**** SOURCE MATERIAL ****

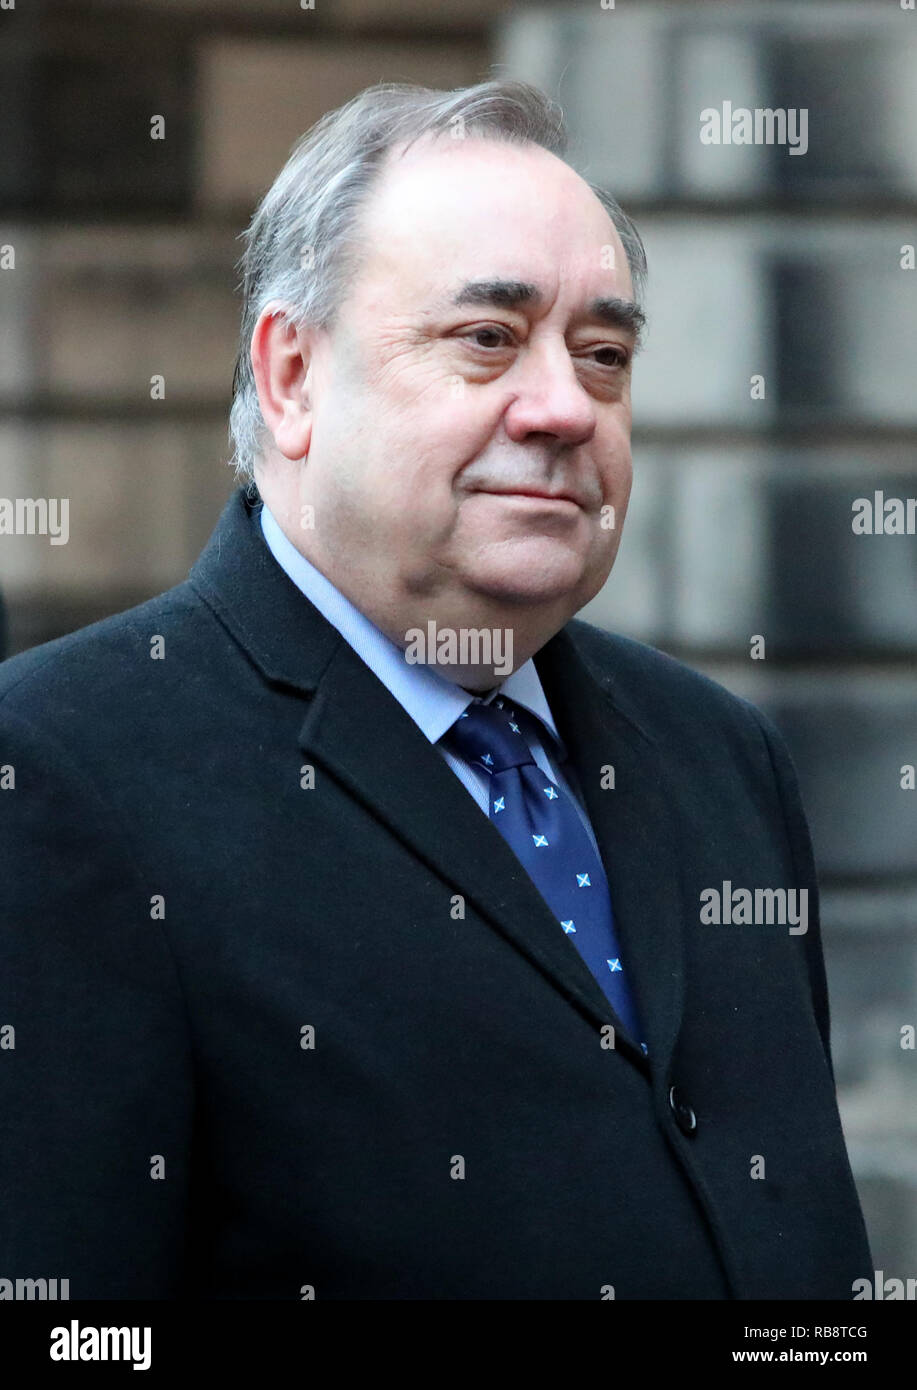 Alex Salmond arrivant à la Cour de session à Edimbourg pour l'ancien premier ministre défi juridique contre le gouvernement écossais a traité une plainte d'inconduite contre lui. Banque D'Images
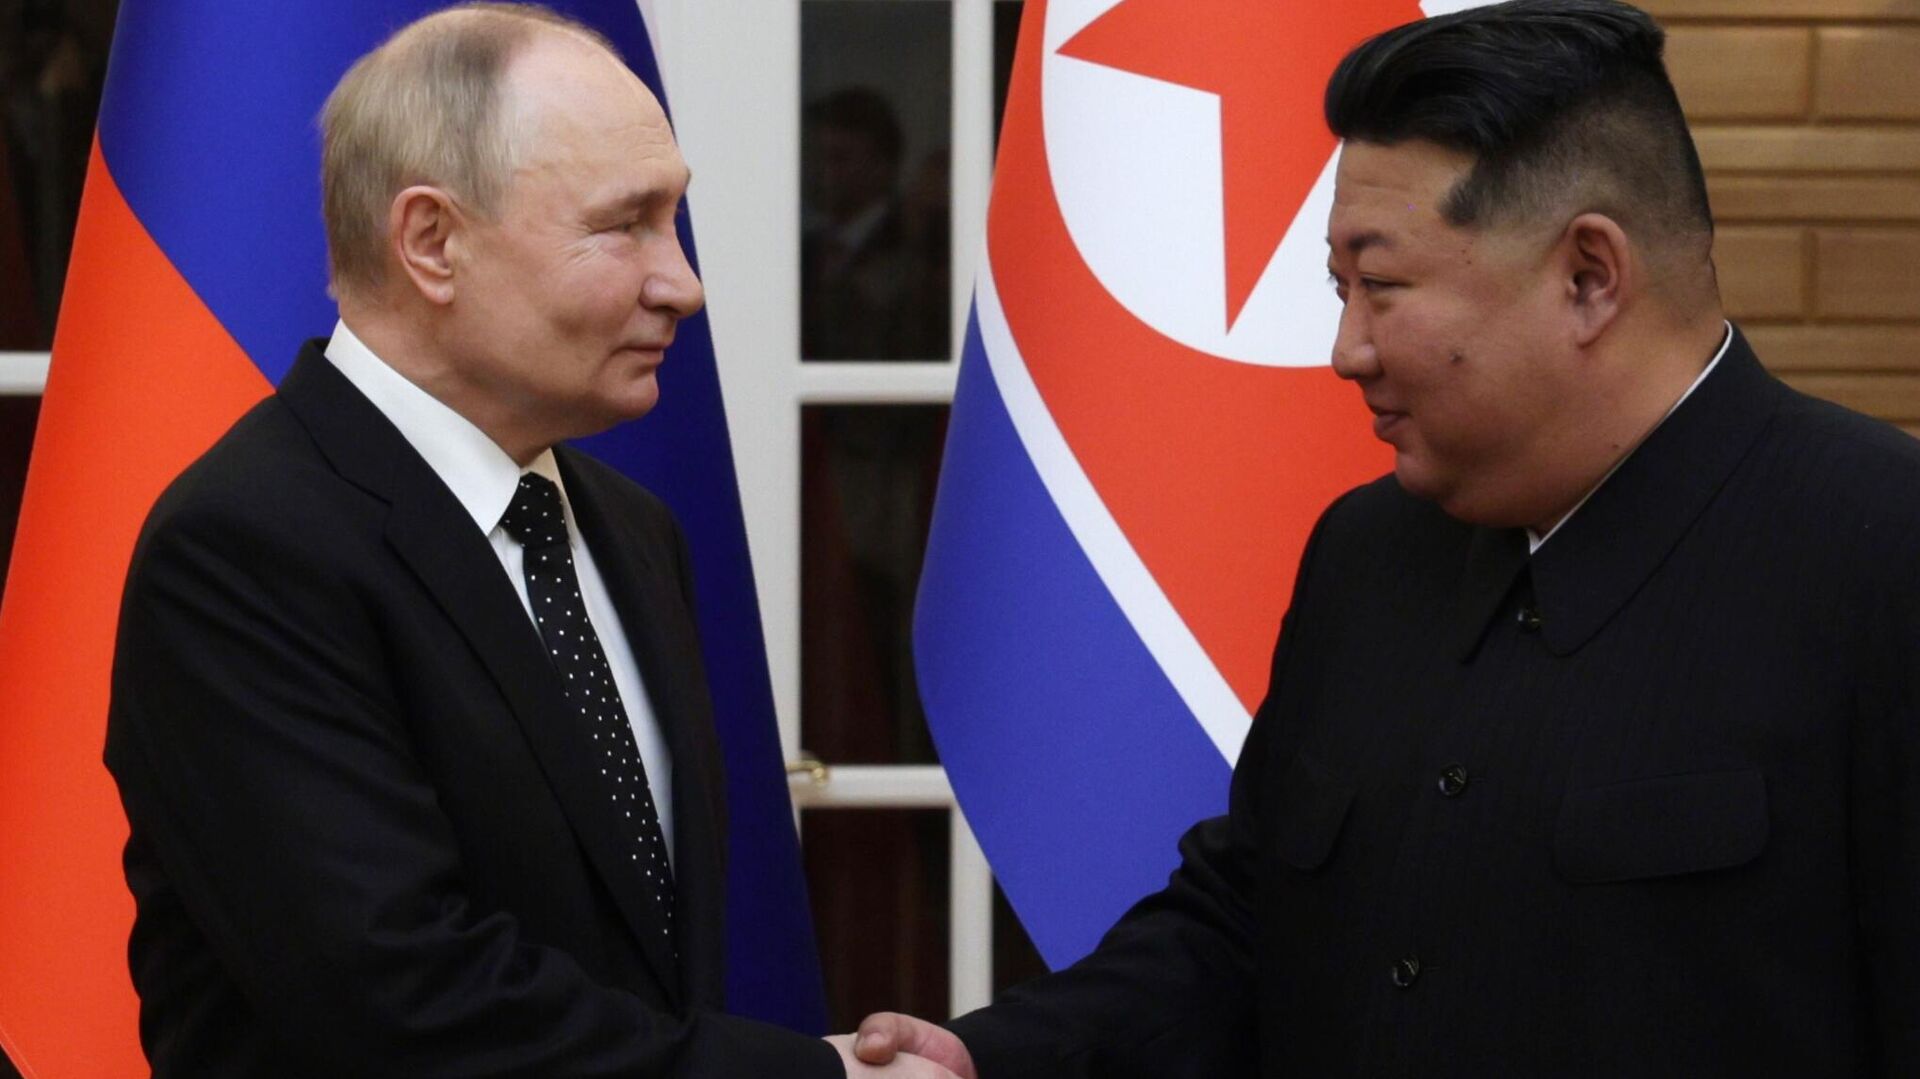 俄罗斯-朝鲜战略伙伴关系标志着全球力量动态的转变
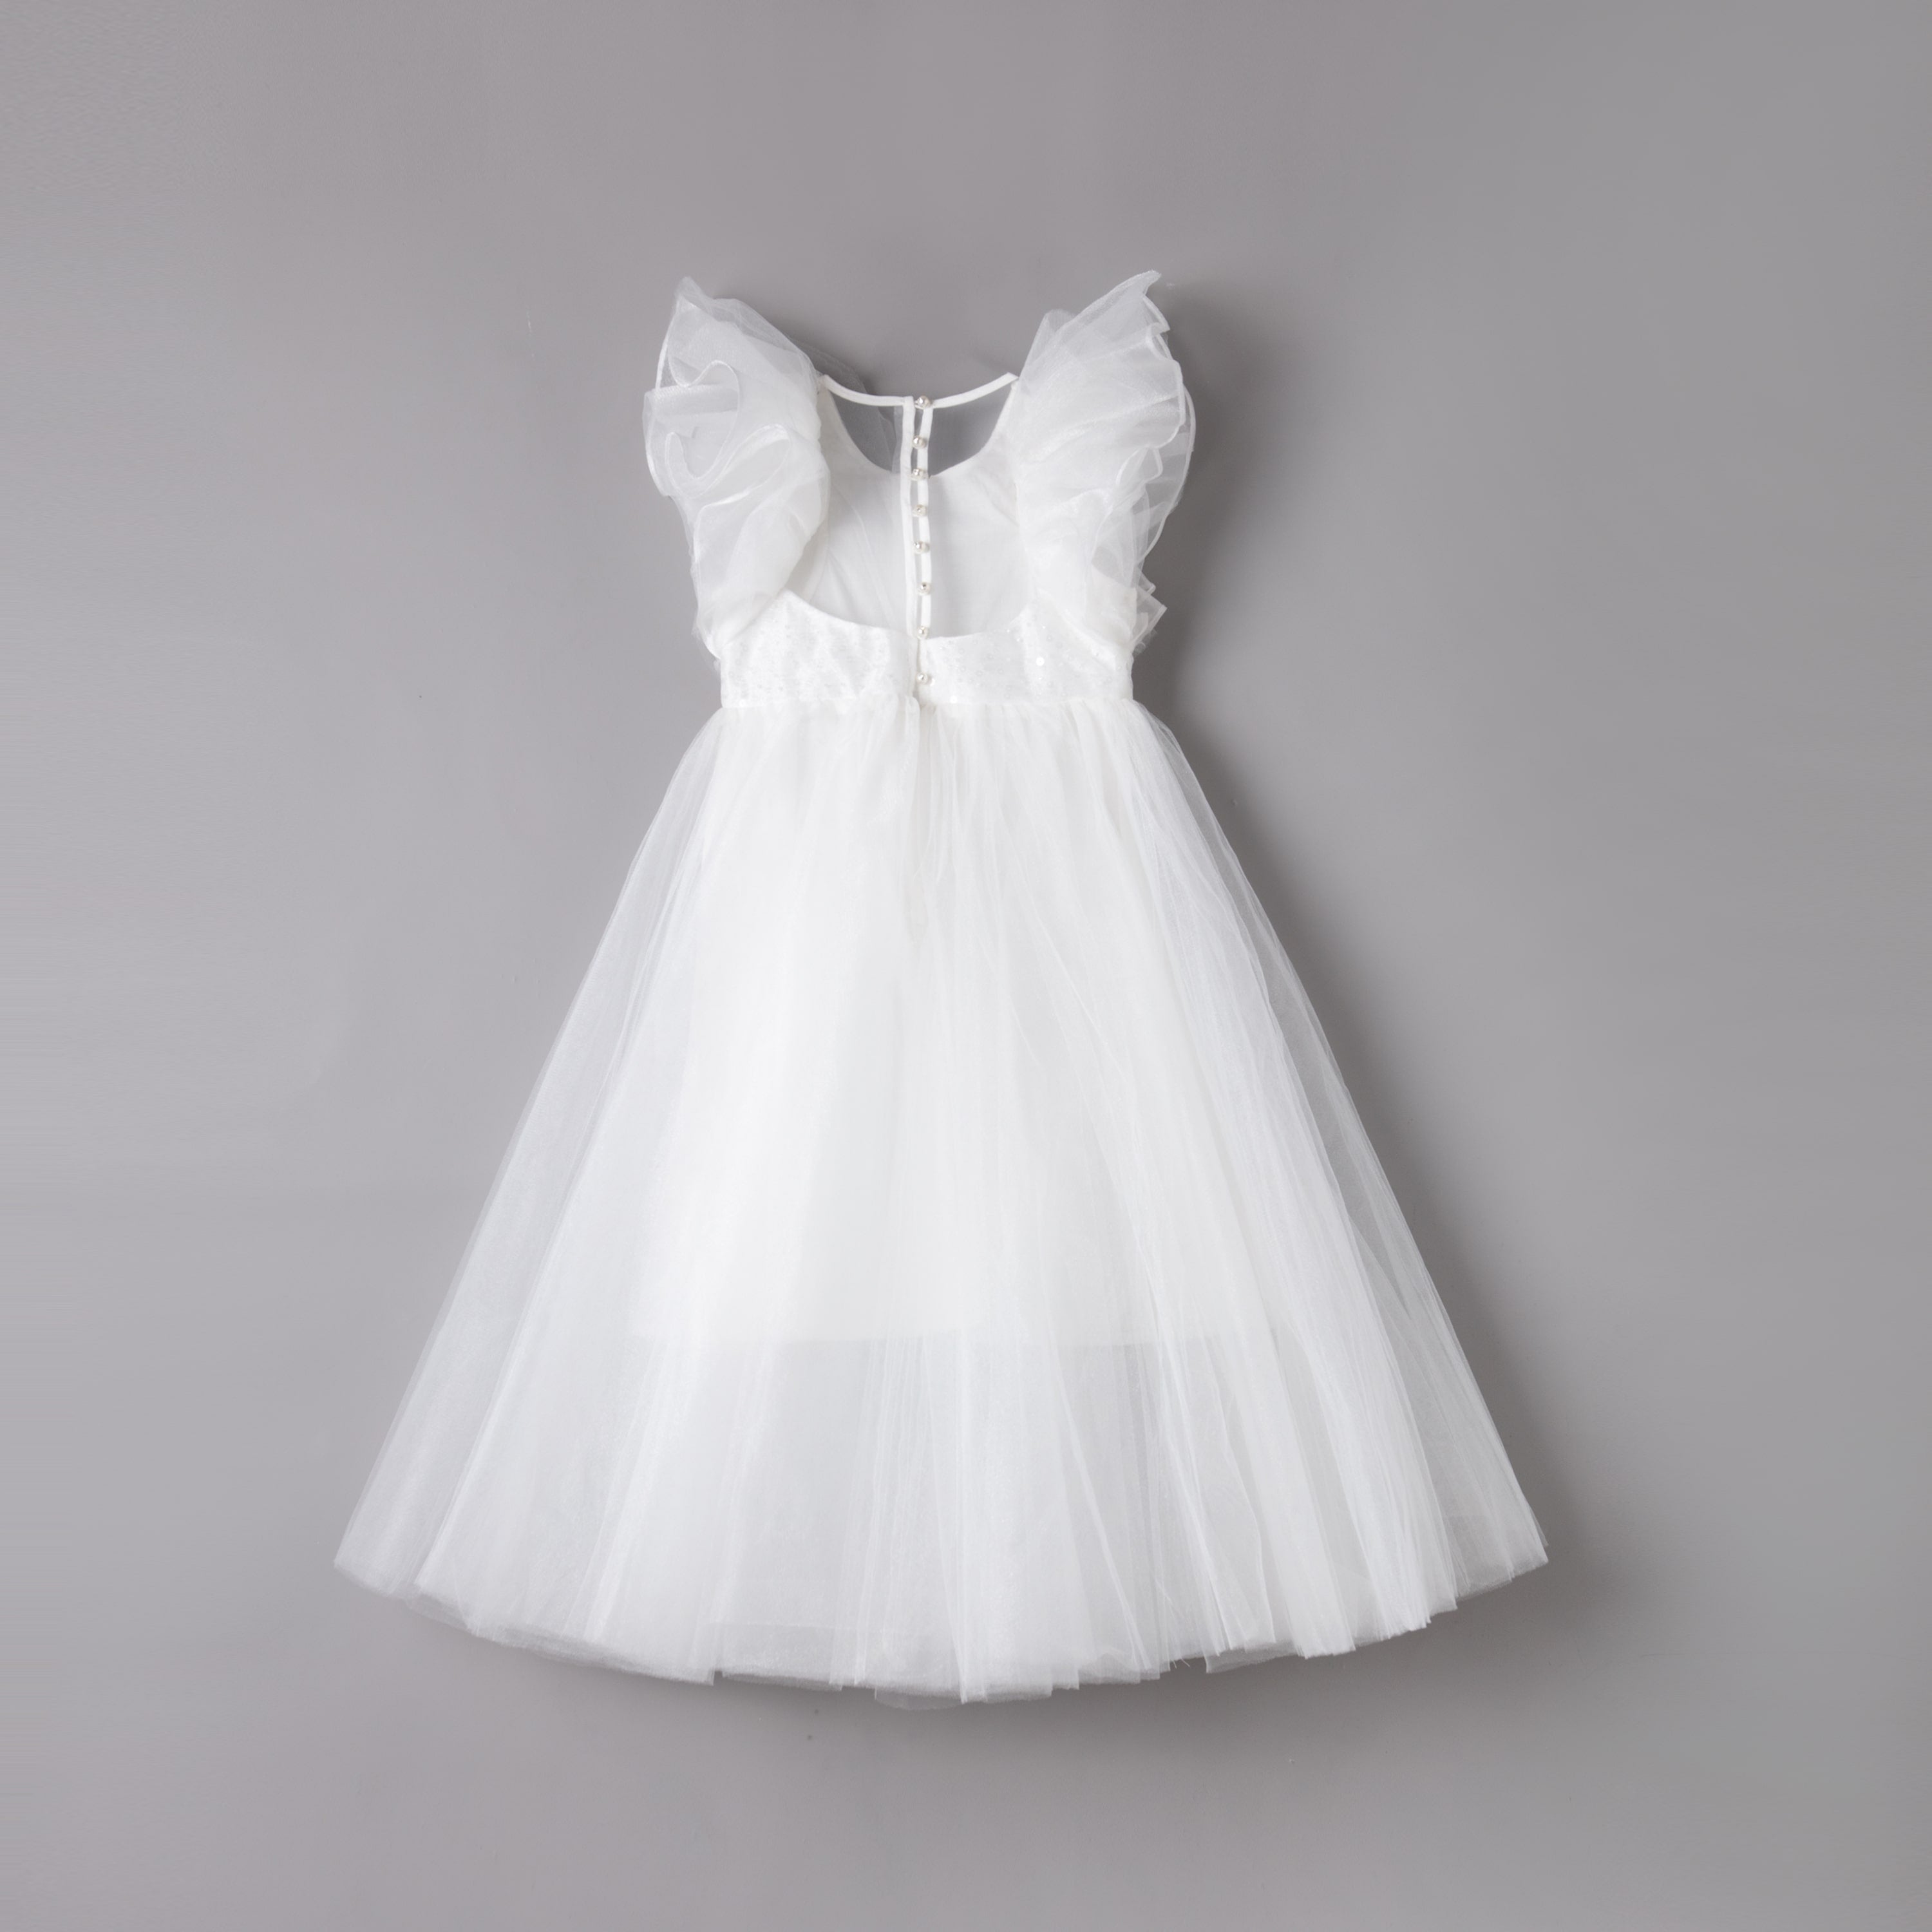 女童白色蝴蝶袖长礼服裙

****

= WORK INSTRUCTIONS =
With the pictures left out, write out all of the data exactly.

= SOLUTION =
 Alex Salmond arrivant à la Cour de session à Edimbourg pour l'ancien premier ministre défi juridique contre le gouvernement écossais a traité une plainte d'inconduite contre lui. Banque D'Images
 俄罗斯-朝鲜战略伙伴关系标志着全球力量动态的转变
 女童白色蝴蝶袖长礼服裙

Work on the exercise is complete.